From 1995 through 2006, 2577 bottom longline sets were conducted in the western North Atlantic Ocean from similar to 36 degrees N, 75 degrees W to 26 degrees N, 97 degrees W, an area that encompasses both the coastal waters off the southeastern USA (Atlantic) and the northern Gulf of Mexico (Gulf). Over the course of the study, 335 young-of-the-year (YOY) and 219 juvenile tiger sharks Galeocerdo cuvier were captured. In the Gulf, YOY catch per unit effort (CPUE) was highest from similar to 88 to 83 degrees W. In the Atlantic, the area of highest YOY CPUE occurred from 31 to 33 degrees N. Distribution of juvenile tiger sharks was more uniform than observed for YOY throughout the range of the study.

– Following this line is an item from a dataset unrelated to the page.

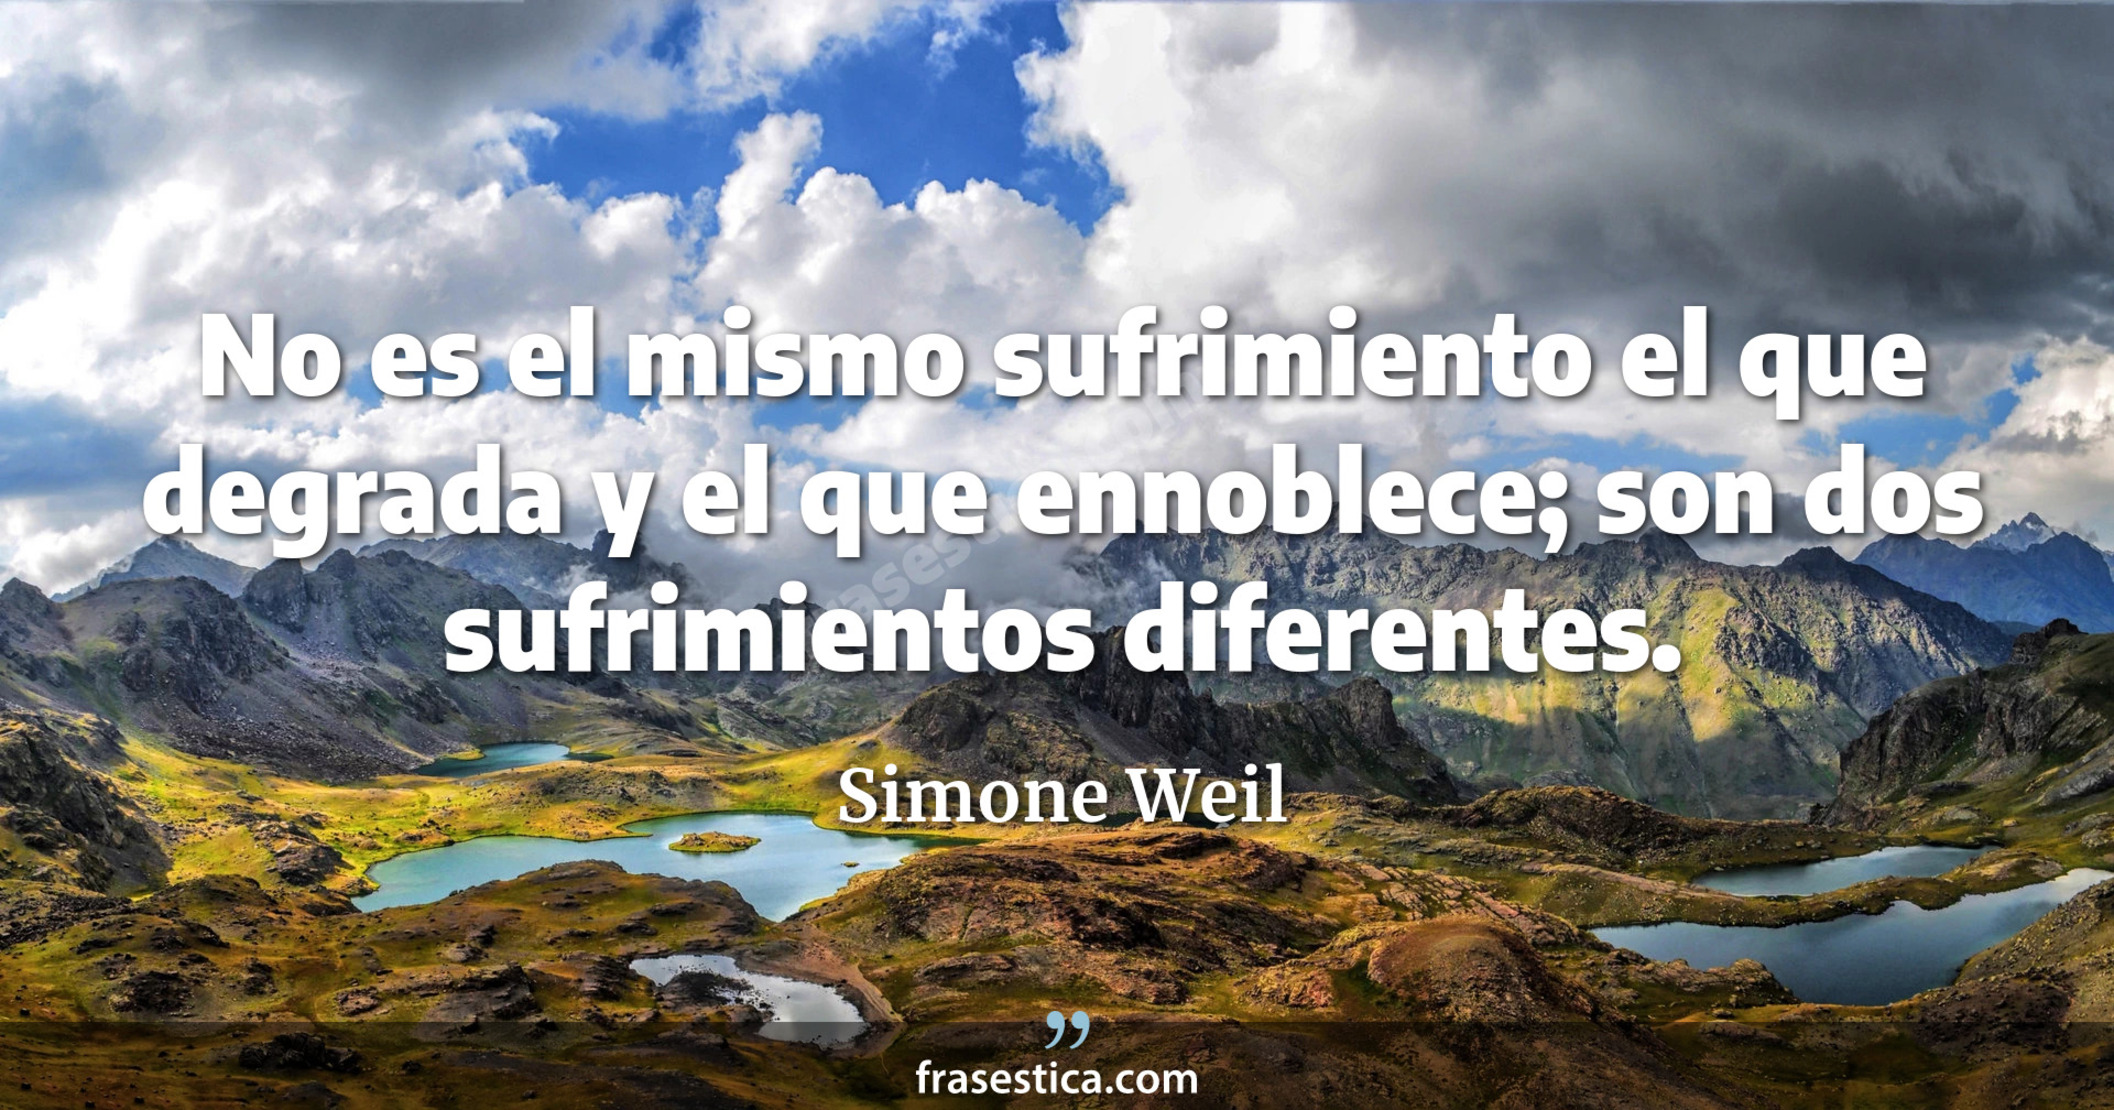 No es el mismo sufrimiento el que degrada y el que ennoblece; son dos sufrimientos diferentes. - Simone Weil
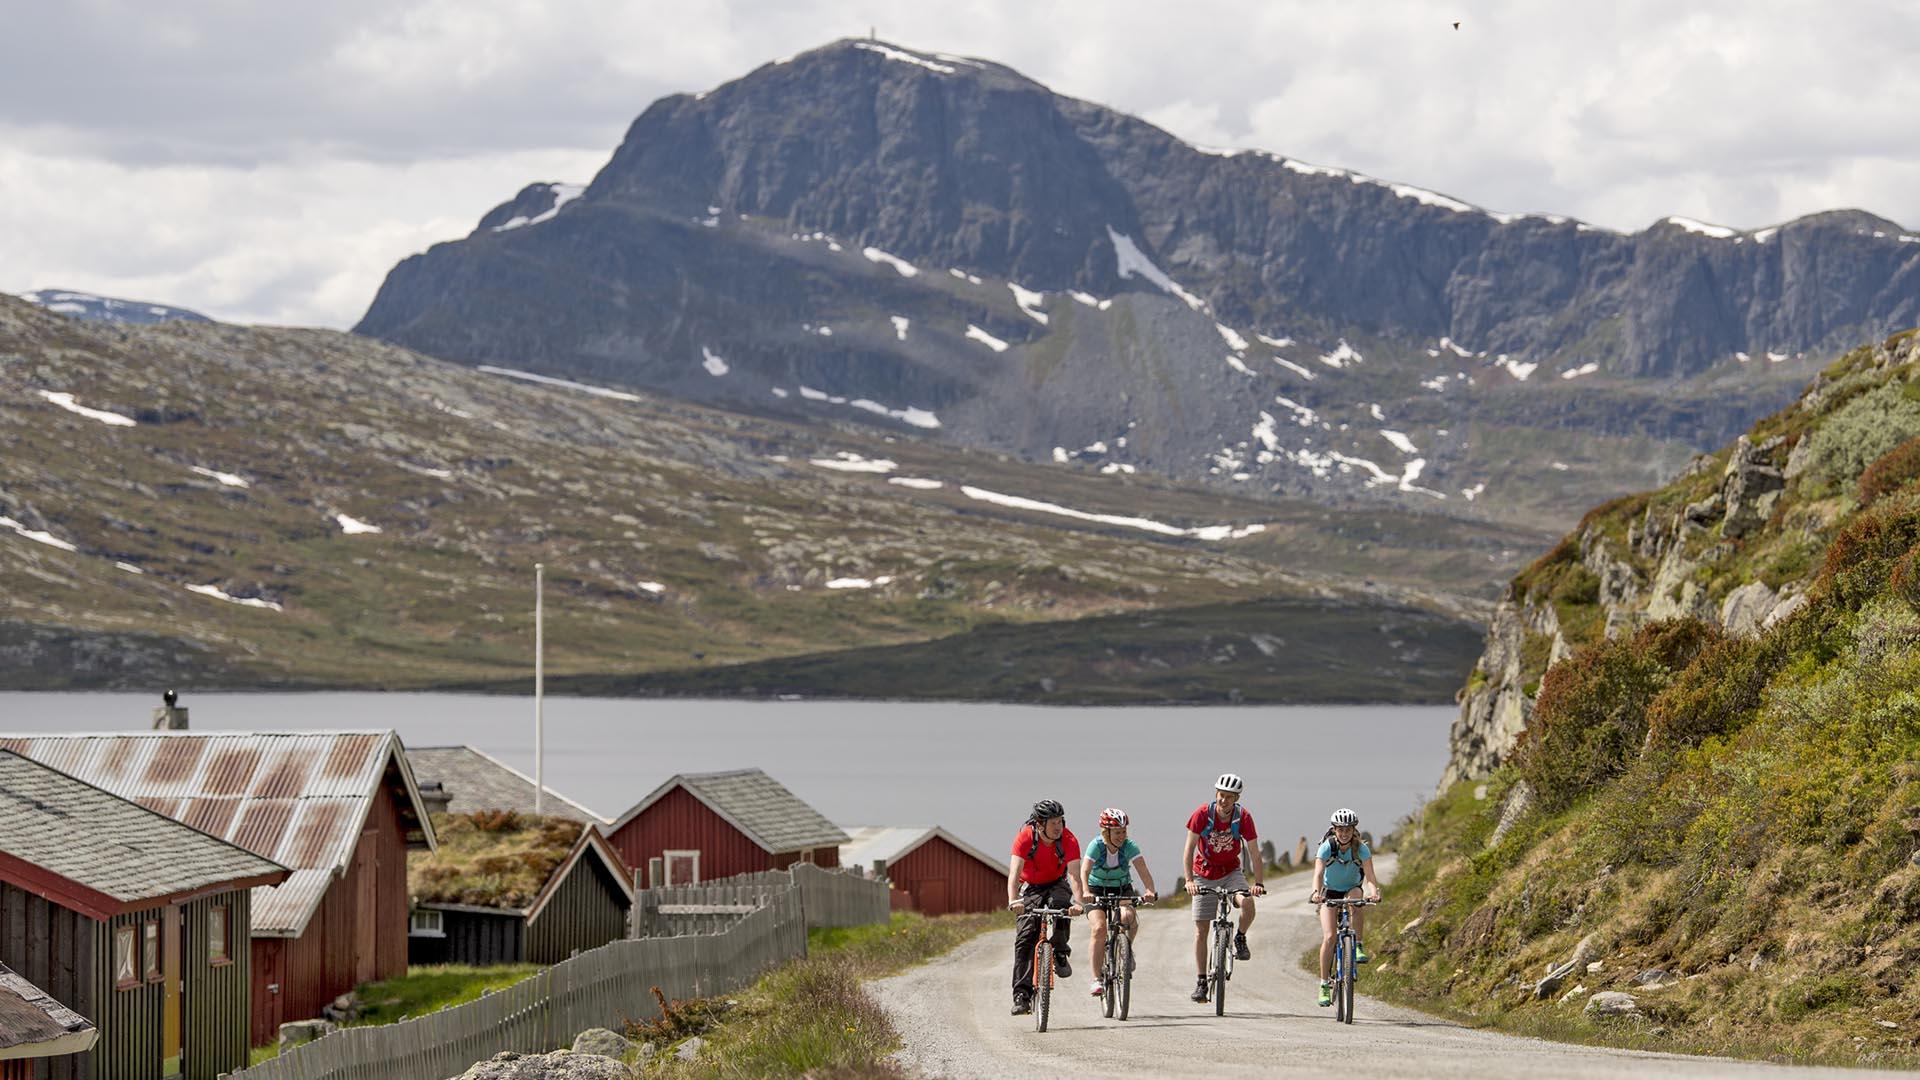 Fire syklister runder en fjellknaus på en stølsvei i høyfjellet. På nedsiden av veien ses noen røde stølshus og bakenfor et vann. Bakerst ruver et stort fjell.

Annual survival rates of YOY and Age 1+ tiger sharks were estimated to be 51 and 62 % in the Gulf and 39 and 27 % in the Atlantic. Total instantaneous mortality rates of YOY and Age 1+ tiger sharks were, respectively, estimated to be 0.67 and 0.47 in the Gulf and 0.93 and 1.32 in the Atlantic. In the Atlantic, age-specific natural mortality (M) estimates ranged from 0.12 to 0.50 and from 0.08 to 0.36 for YOY and juvenile tigers sharks, respectively. Estimates of age-specific Mwere more variable in the Gulf, with values ranging from 0.11 to 0.98 for YOY and from 0.08 to 0.57 for juveniles. In the absence of nursery areas, the production of numerous fast-growing offspring presumably helps the species survive in the face of high total mortality.